Unutulmamalıdır ki, kültür de medeniyet de canlıdır, zamanla değişir. Bu değişimin gelişim olması için ikisinin el ele, birlikte yürümesi zorunludur. İkisinin arasındaki denge ise yaratıcı azınlıklar tarafından gözetilmeli, yaratıcı azınlıkların bunu yapabilmesi için adil bir yönetim ile hürriyet sağlanmalıdır.
Umranlar karşılaştırılabilir mi? Batı, Doğu’dan üstün müdür? Medeniyet ihraç edilebilir mi?
Batı Medeniyeti’nin Doğu Medeniyeti’ne üstün geldiğini birçok kez duymuşuzdur. Peki bu ne demektir? Medeniyet kelimesi yerine Umran’ı kullanmak gerektiğini daha önce belirtmiştik. Bizler Batı ya da Doğu Umranı dediğimizde Umran’ın yozlaşmamış, saf halini işaret ederiz. Bu da kültür ve medeniyetin kol kola yürüdüğü, birbirlerinin sınırlarını geçmediği parlak döneme karşılık gelir. Oysa Batı Umranı Doğu Umranı’na üstün gelmiştir dendiğinde, Doğu Umranı’nın yozlaşmış halinden bahsediliyordur. Yani yozlaşmamış, saf haliyle Umranlar veya Medeniyetler birbirlerinden üstün olamaz. Ancak yozlaşan bir Umran, diğer Umranlardan geride kalabilir. Yine de bu durum geride kalmış umranın özünü koruyan diğer umranlara yetişemeyeceği anlamına gelmez.

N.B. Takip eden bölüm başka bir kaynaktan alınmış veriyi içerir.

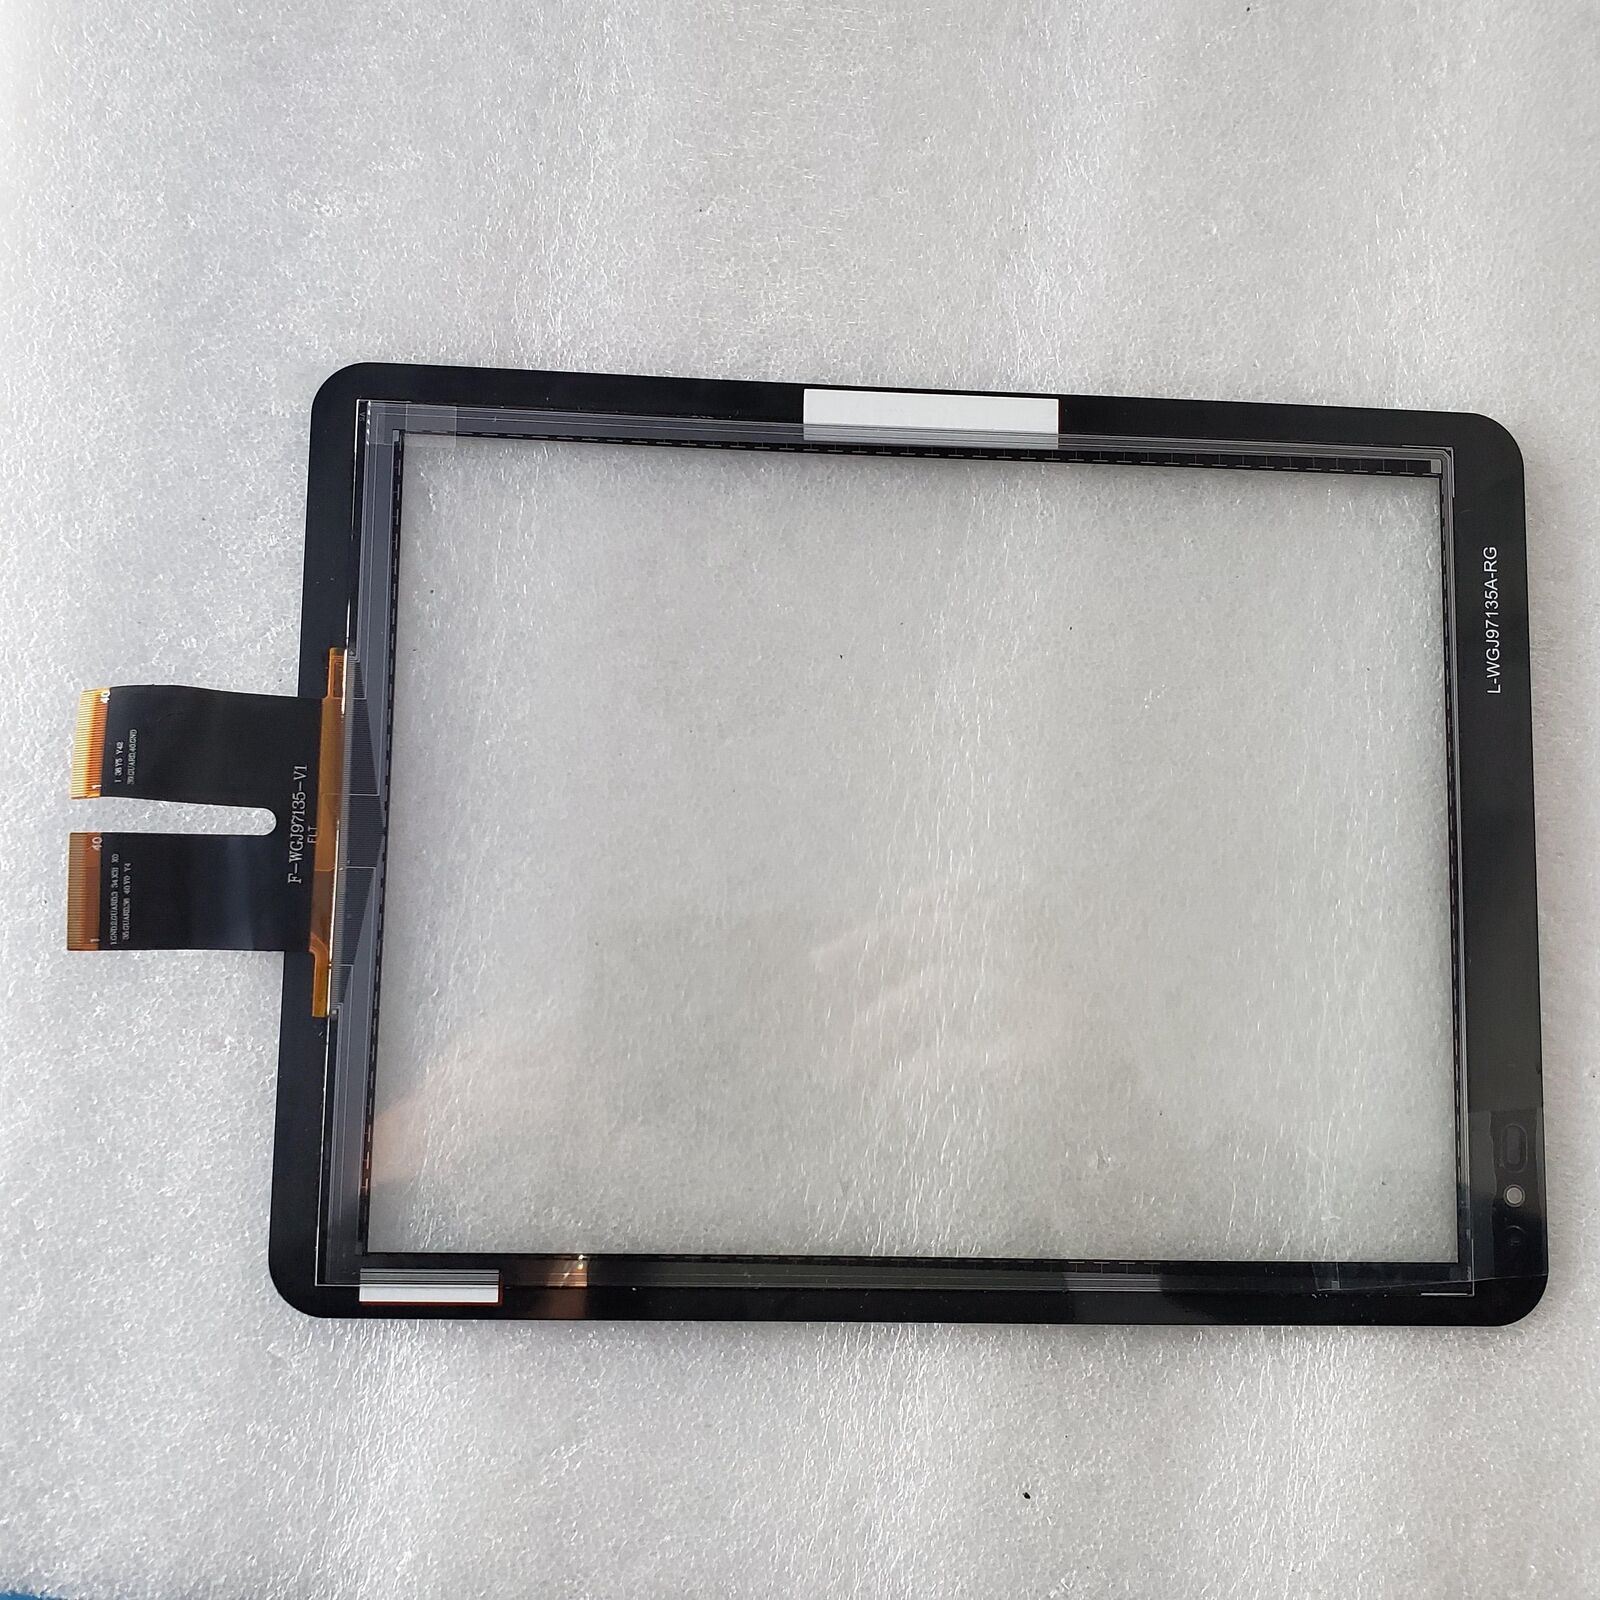 For P/N F-WGJ97135-V1 L-WGJ97135A-WHY 2 For Auto Scanner Touch Screen For Autel MaxiSys Elite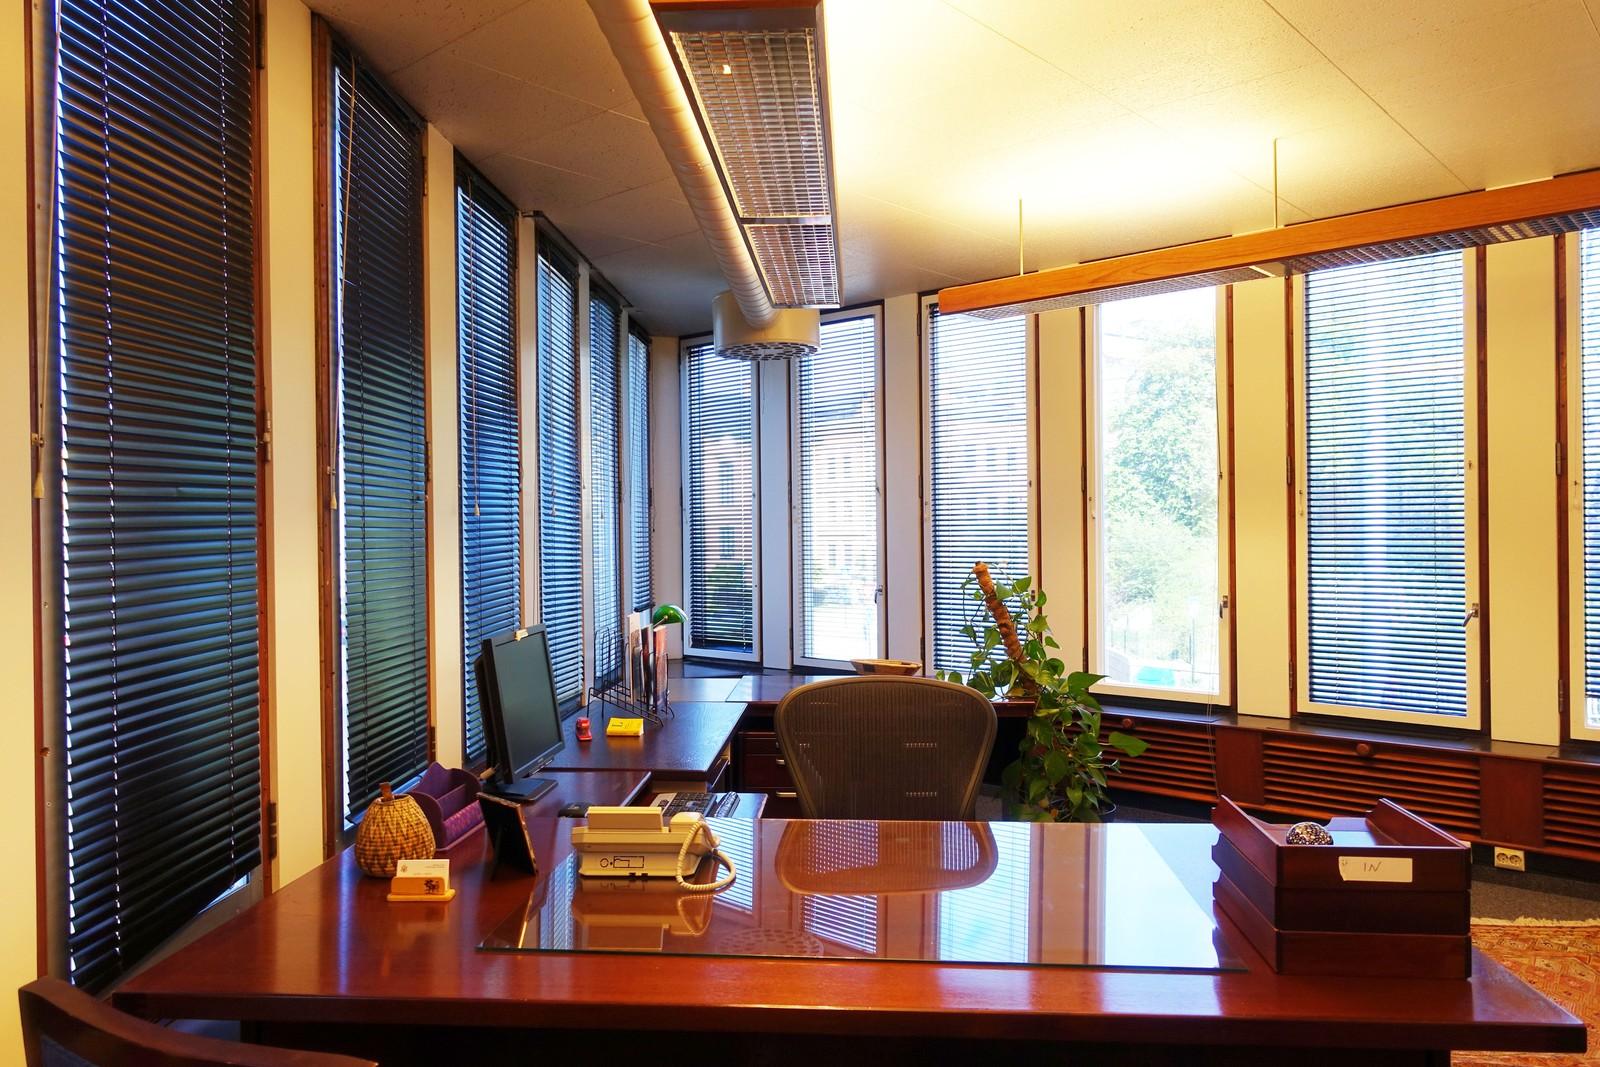 Alle hjørnekontorene i bygget har en trekantet form. Dette er kontoret til lederen i presseavdelingen. Ambassadørens kontor har den samme formen, men er mye større.

Bir diğer soruya bakıldığında Batı Umranı’nın ilkel kalmış toplumlara medeniyet ve kültür ihraç etmekle görevlendirildiği iddiası karşımıza çıkar. Beyaz Adamın Yükü [White Man’s Burden] kavramı bu durumu açıklamaktadır. Beyaz Adam’ın savunduğu medeniyet Batı toplumunun ihtiyaçları doğrultusunda ortaya konan ürünleri ve değerleri yaşamın merkezine almakta ve küreselleşme amacı taşımaktadır. Yozlaşan Umranlarda bilimsel gelişmeler anlamına gelen medeniyet, teknik[!] araçlardan yoksunluk ve fikri tıkanıklık nedeniyle gelişmemiş olabilir. Bu nedenle, medeniyetin geri kaldığı bölgelere yardım eli uzatan Batı masumane bir eylemde bulunuyormuş, hatta insanlık borcunu ödüyormuş gibi görünebilir. Ne var ki Batı’nın ilkellikle suçladığı bölgelere medeniyet götürme yolu sömürüden geçmektedir. Dolayısıyla, dışarıdan yardım alınarak oluşturulan bir medeniyet, devletlerin kalkınmasına değil kuklalaşmasına[!] yol açacaktır. Böyle bir ihraca karşılık aydınların öne çıkması ve devletin kötü gidişatına karşı halkı örgütlemesi yozlaşmış Umran’ın kurtulması adına daha uygun bir yöntemdir denebilir.
Görüldüğü üzere verilen cevaplar bile yeni soruların doğmasına neden olmakta veya yeni soruların doğmasını sağlamaktadır. Elbette dipsiz kuyudan çıkarttığımız şu birkaç damla bilgi susuzluğumuzu gidermeye yetmeyecektir. Çok daha fazla okumalı, çok daha fazla yazmalıyız. Elbette bu yazı burada bitmedi. Umran’a dair söylenebilecek daha çok şey var. Yani demem o ki bir sonraki yazıda görüşmek üzere, kuyudan su çekmeyi bırakmayın!